Dimensionality of datasets in multiple regression

81 Views Asked by At

As an example, let's say that a linear regression is performed of the form

$$Y = \beta_0 + \beta_1X_1 + \beta_2X_2 + \cdots + \beta_nX_n +\varepsilon$$

where $Y$ is a vector of $10,000$ measurements of peak acceleration of different car models, and the regressors correspond to different technical features of the cars.

From a linear algebra standpoint $Y$ lives in $\mathbb R^{10000}$, and the coefficients are found by minimizing the sum of the square distances of this vector on a hyperplane.

Now, from the point of view of dimension being the number of linearly independent vectors that span a space, this vector $Y$ is just $1$ dimension.

If it is truly $1$-dimension of a $\mathbb R^{10000}$ ambient space, the Euclidean projection on the hyperplane that underpins the process of finding the coefficients does not have any dimensionality issues (collinearity between the regressors being a separate topic). Otherwise, $L^2$ norms in high dimensions do pose problems.

So is $Y$ (the vector of $10,000$ observations) $1$-mimensional or high dimensional?

2

There are 2 best solutions below

1
On BEST ANSWER

Consider the function $$f(X_1,X_2) = \beta_0 + \beta_1 X_1 +\beta_2 X_2. $$ This is a plane in 3 dimensions no matter how many times you evaluate the function. Thus, your problem "lives" in a $2$-dimensional space.

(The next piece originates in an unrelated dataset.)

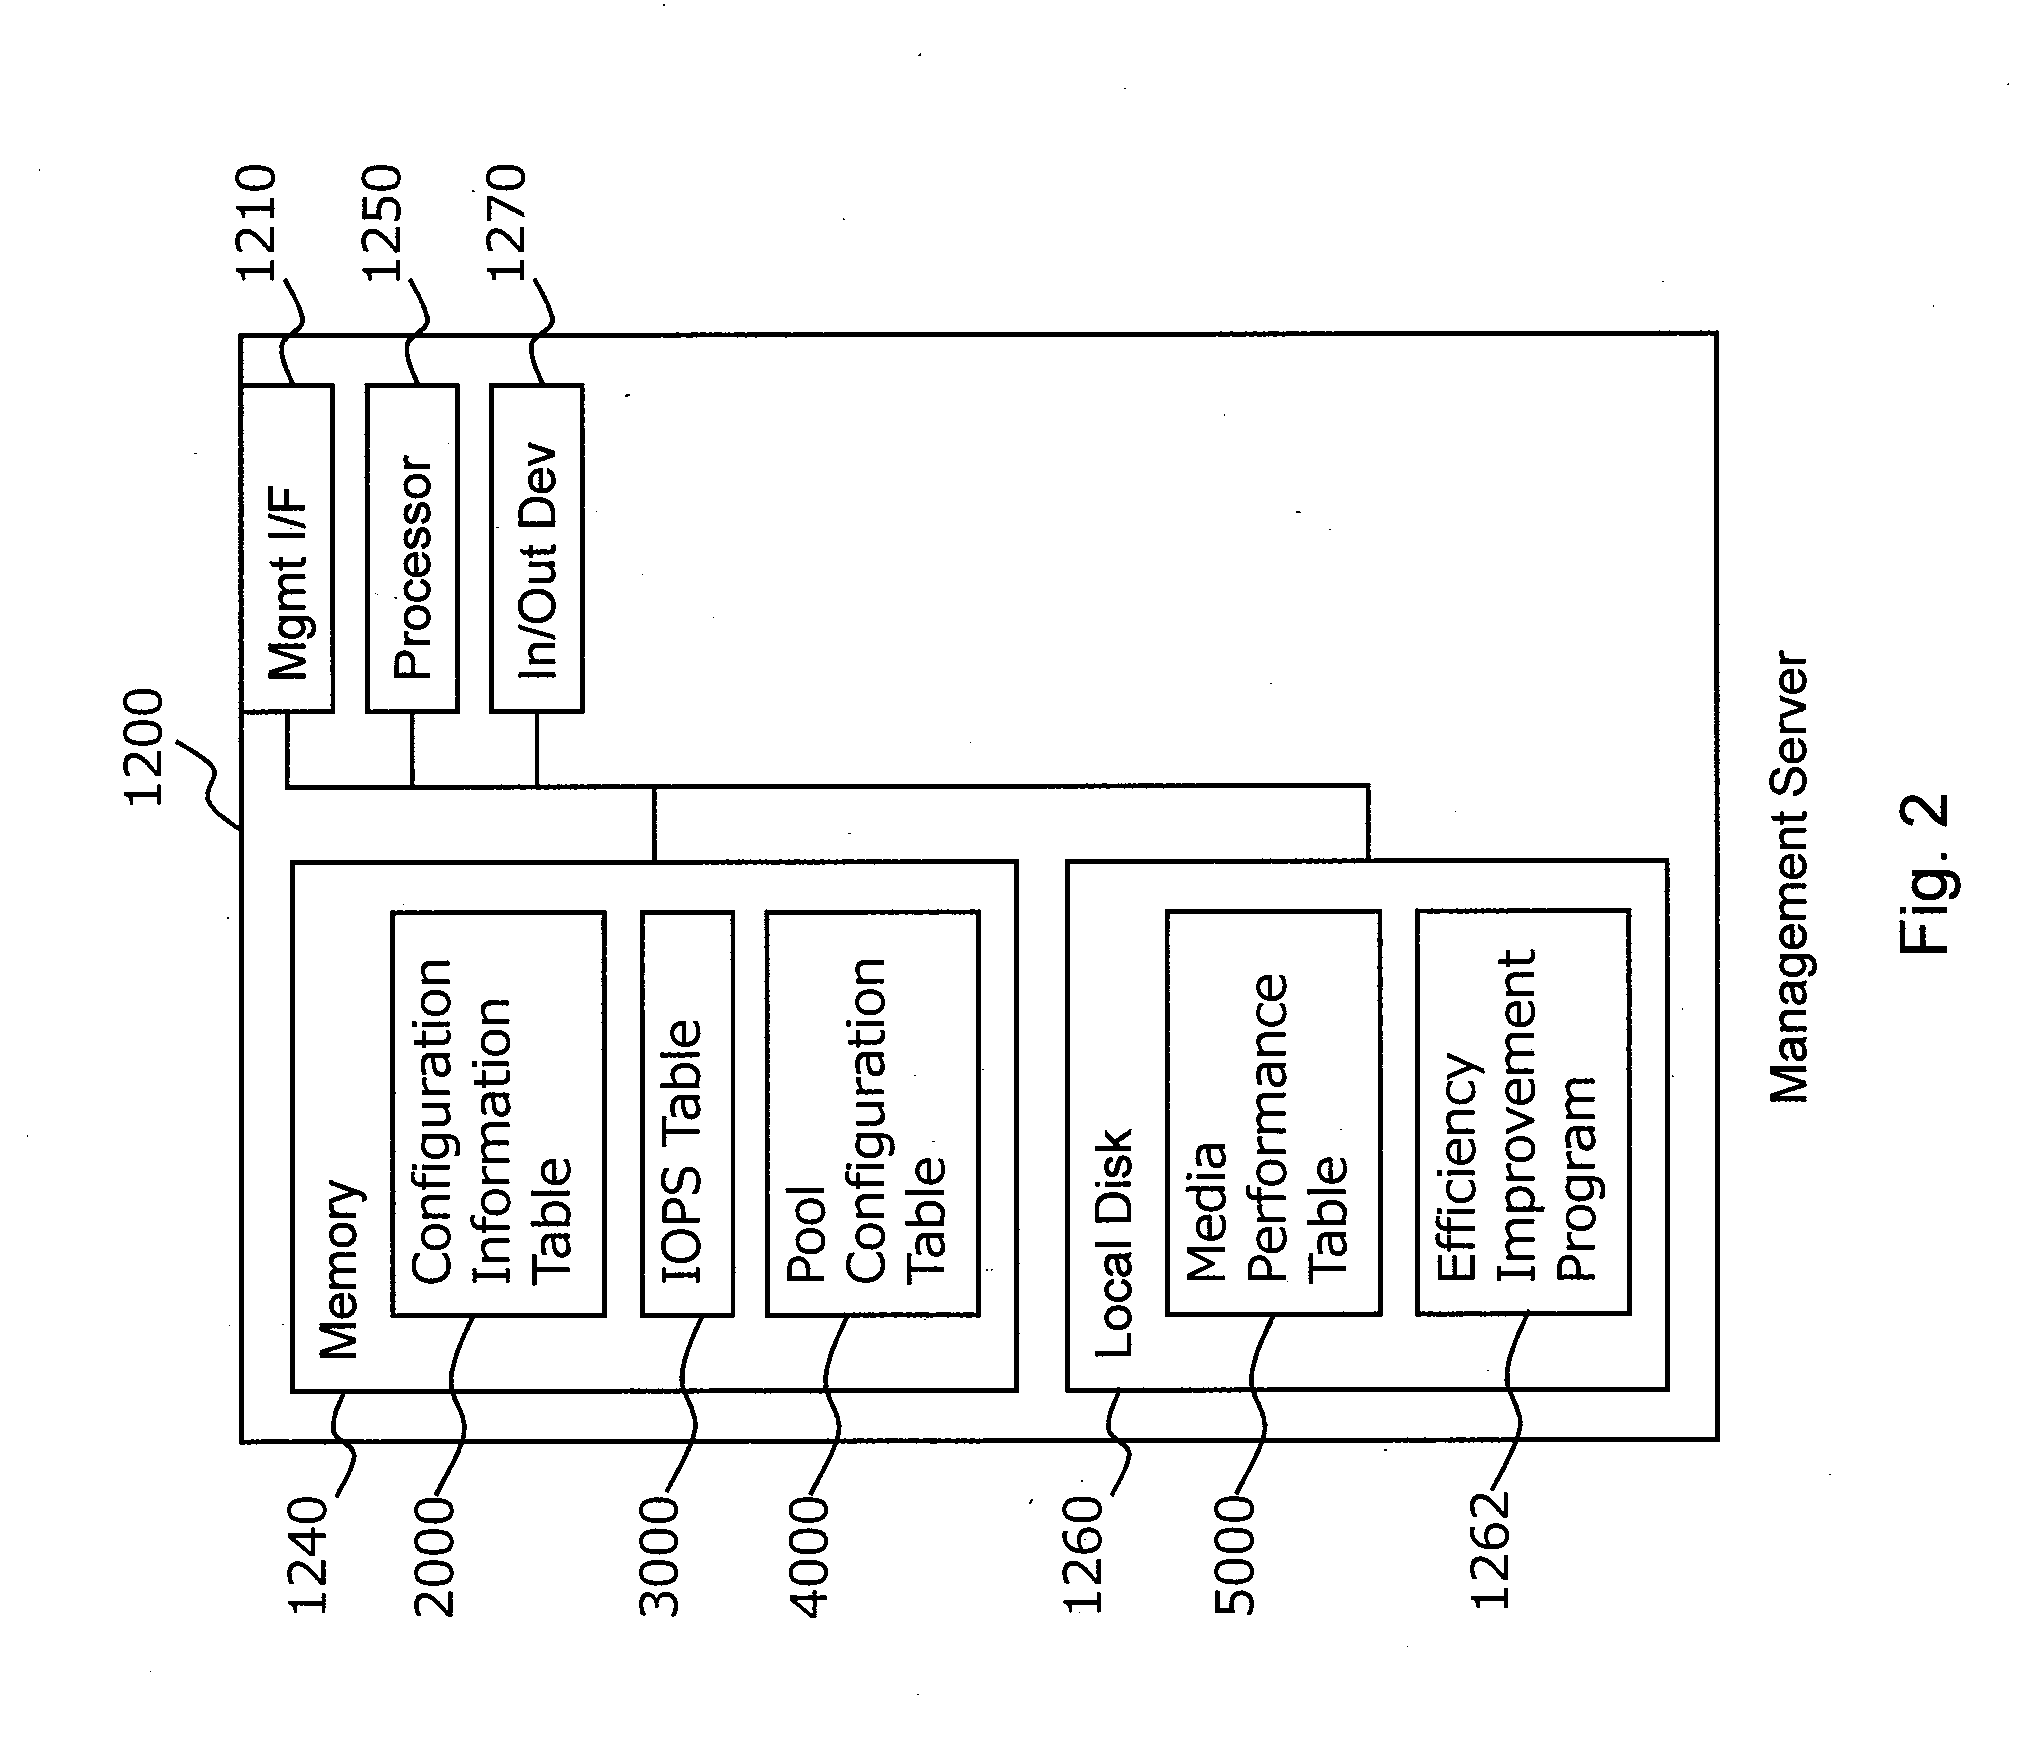 Method and apparatus to improve efficiency in the use of resources in data center

As for using the $L^2$ norm, you are correct. This link might be useful in that regard Link

0
On

The issue of dimensionality is the context of regression analysis is the ratio between $n$, number of observations, and $p$, number of estimated parameters. As closer $n$ to $p$, the less reliable your estimated model is. Assume that your model is $$ y = \beta_0 + \sum_{j=1}^px_j\beta_j + \epsilon, $$ hence in order to find the OLS estimators of $\beta = (\beta_0,...,\beta_p)$ you project the vector $y$ on the affine space spanned by $(1,x_1,...,x_p)$, hence it is a $p$ dimensional space. The number of observations, $n$, is not count as dimension. If you have a continuous stochastic process, then you can sample from it infinitely many times, i.e., $n\to \infty$, that is usually a good feature because you can safely use asymptotic results. Notably, in such a case, there is another problem of artificially low p.values, but this is unrelated to the dimension of the model or the embedded space.